Already-completed trajectories auto-skip on re-run (`pred_rgb.mp4` existence
check in each novel-traj script).
### Single-dataset / ad-hoc invocations
If you just want to run one checkpoint against one dataset, the benchmark script
dispatches to these three eval entrypoints (all under `examples/wan2.1_fun/`):
| dataset | script |
|---|---|
| mvs_synth, dl3dv, re10k | `eval_track4d360_hybrid_dense_static_scene_novel_traj.py` |
| kubric | `eval_track4d360_hybrid_dense_kubric_novel_traj.py` |
| syn4d | `eval_track4d360_hybrid_dense_syn4d_novel_traj.py` |
All three use `track4d_360.shared_args` as of 2026-04-23 β€” so they accept the
full warped + plucker + dense + track flag set. **Exact per-variant flags are
the table below β€” do not forget them: `build_eval_pipeline` reads
`warped_condition_mode` via `getattr(..., "off")`, so an omitted flag on a
warped checkpoint silently runs the model in the wrong architecture.**
### Per-variant eval-flag recipe
Must match training β€” silent mismatches are the #1 source of wrong results.

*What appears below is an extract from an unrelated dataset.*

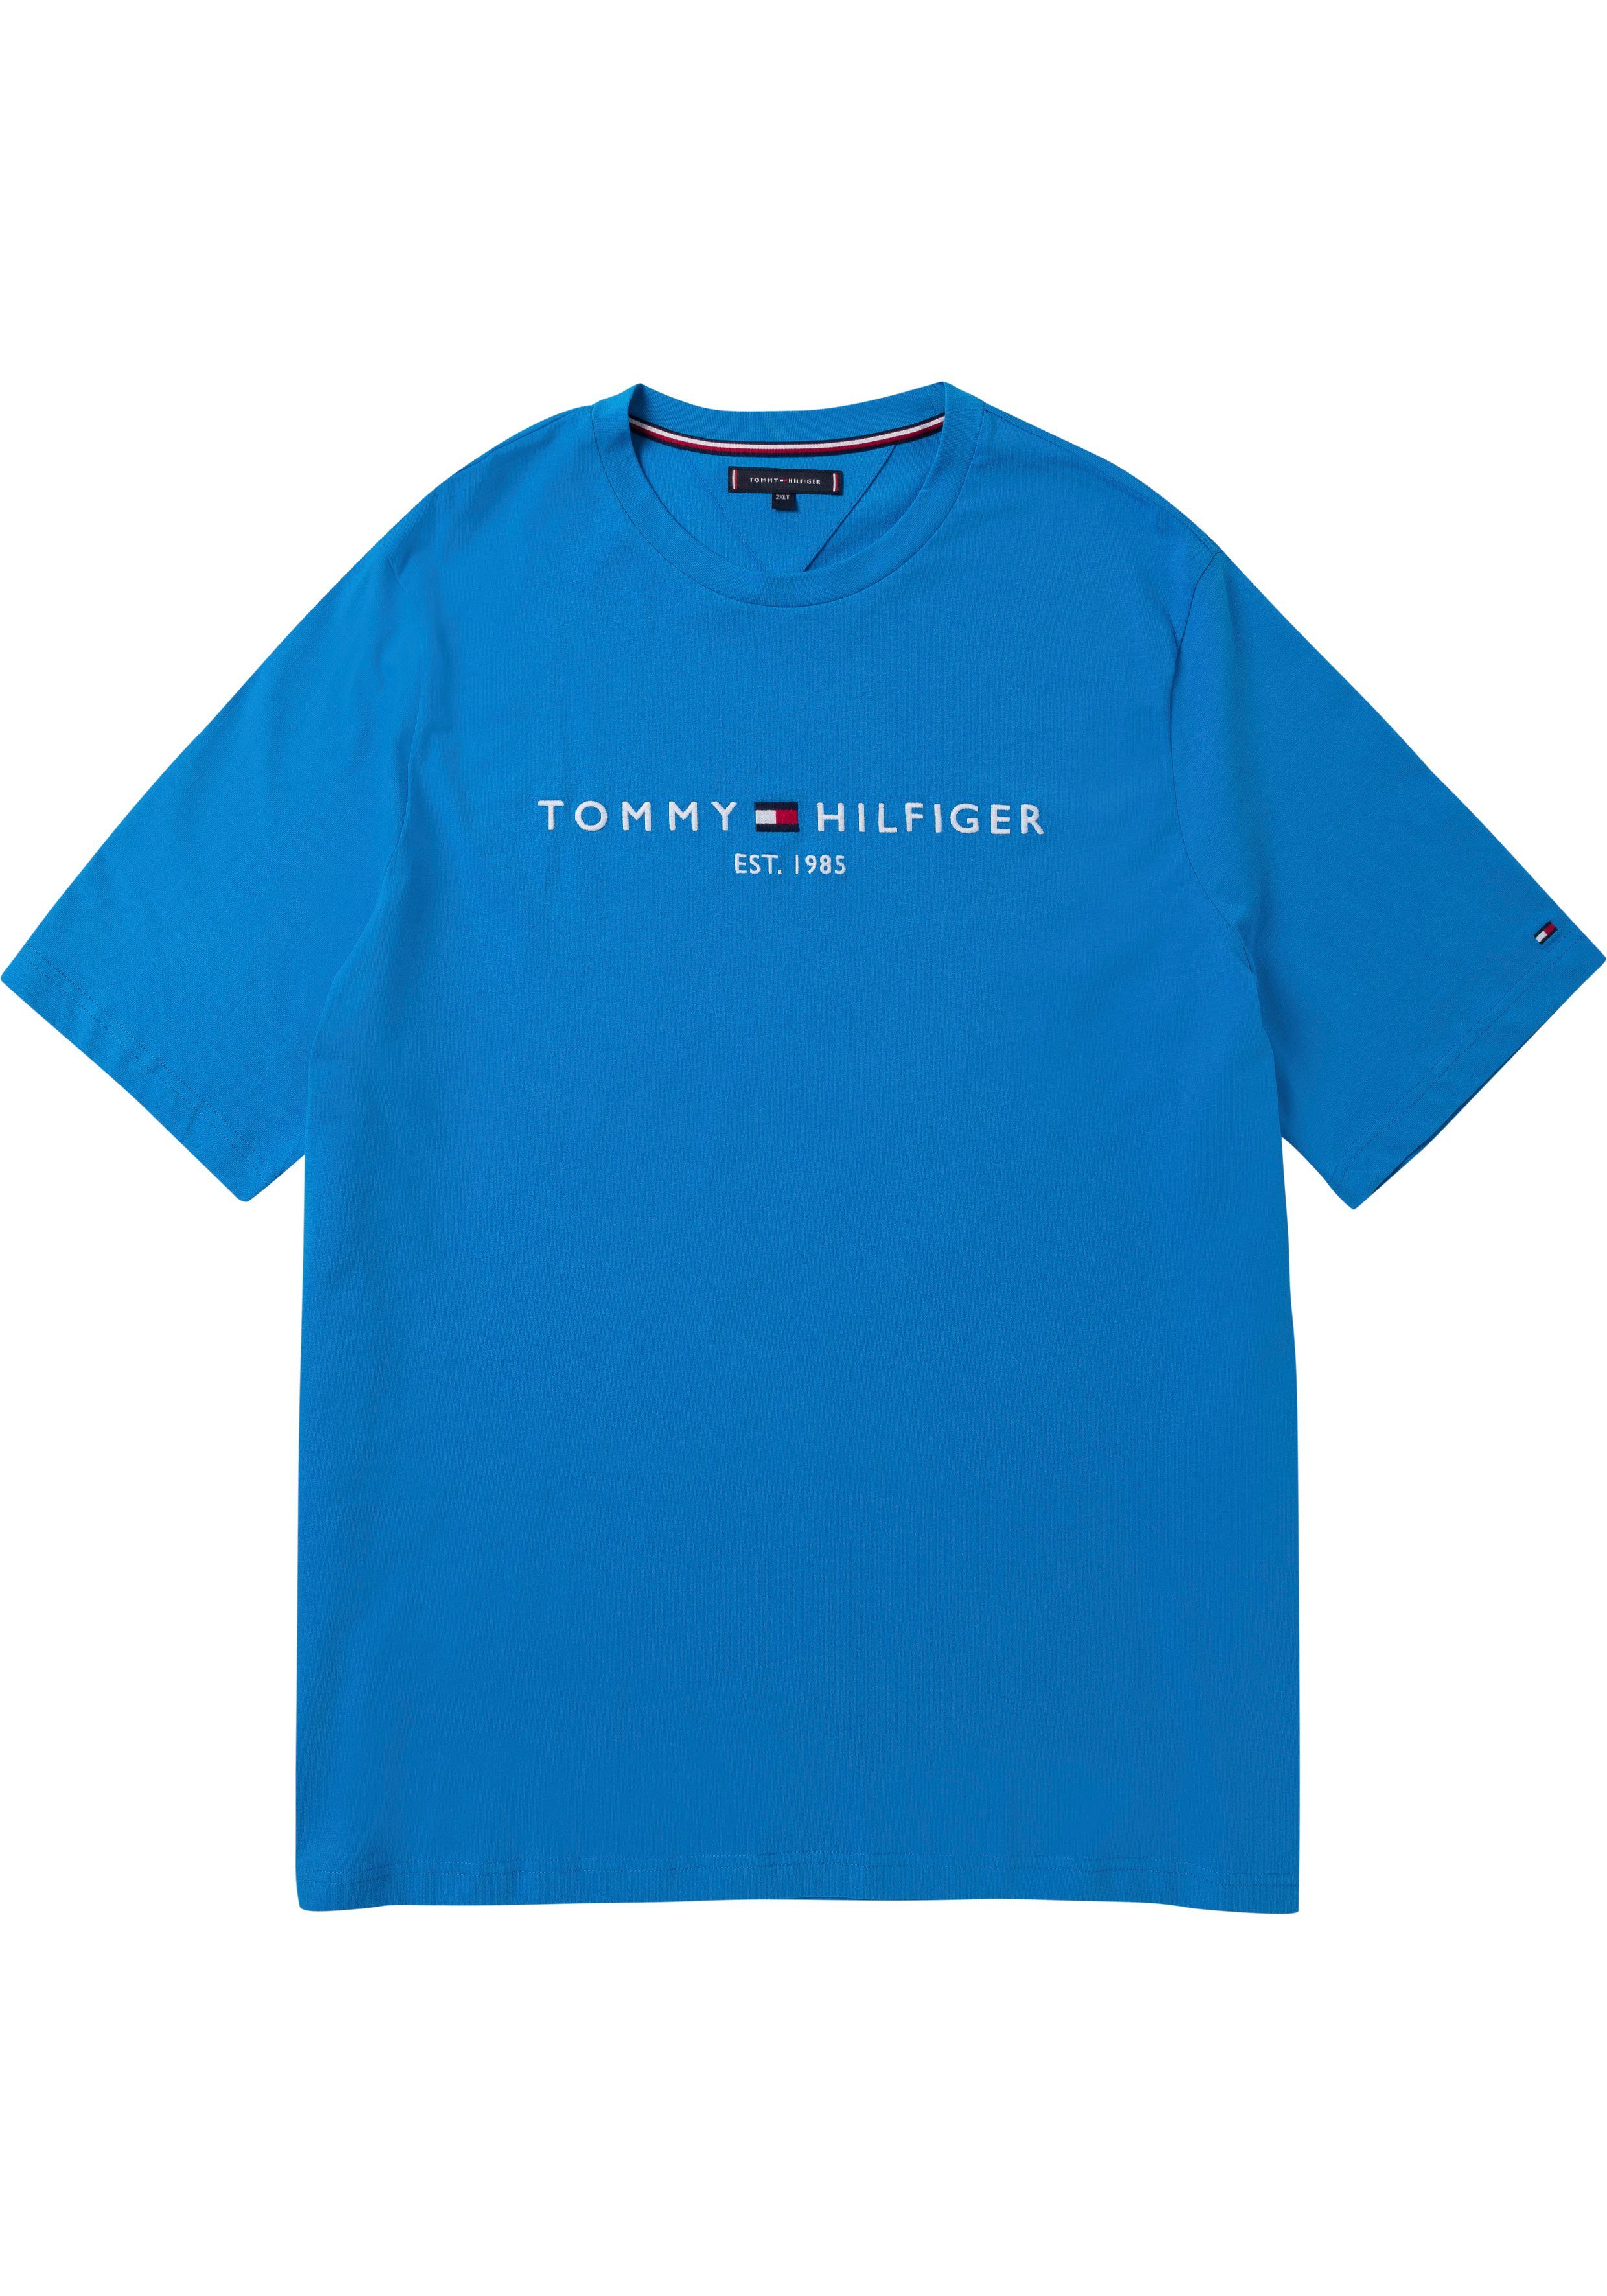 Tommy Hilfiger Big auf LOGO Logoschriftzug azurblau Brust & TEE-B Hilfiger BT-TOMMY der T-Shirt Tommy mit Tall

See `doc/track4d-360/2026-04-23-clipfv-4models-288x512-benchmark.md` Β§2 bug log.
```
warped_step-13000.safetensors:
--track_injection_mode single
--warped_condition_mode latent_fuse
--warped_appearance_fusion concat_proj
--warped_geom_only_dense
--dense_in_channels 2
static13k_step-13500.safetensors
dynamic5k_step-5000.safetensors
ismb288_3k_step-3000.safetensors:
--track_injection_mode per_block
--track_injection_block_mode concat_project
--warped_condition_mode off
--dense_in_channels 5
```
Shared across all 4:
```
--use_plucker_camera_control
--enable_v2v_plucker_camera_control
--use_query_frame_impulse_condition
--use_dense_branch
--dense_proj_dim 32
--dense_num_residual_blocks 2
--dense_alpha_track 1.0
--track_config config/track4d_360/default_conv3d_patchify_srcdepth.yaml
--num_inference_steps 50
--cfg_scale 1.0
--sigma_shift 5.0
--seed 42
```
And the base-DiT init path is always `weights/wan21-1p3b/diffusion_pytorch_model.safetensors`
via `--vxf_init_checkpoint` (CLAUDE.md load-order Invariant A/B β€” VXF init must
run BEFORE LoRA wrap and is required on both scratch and resume paths).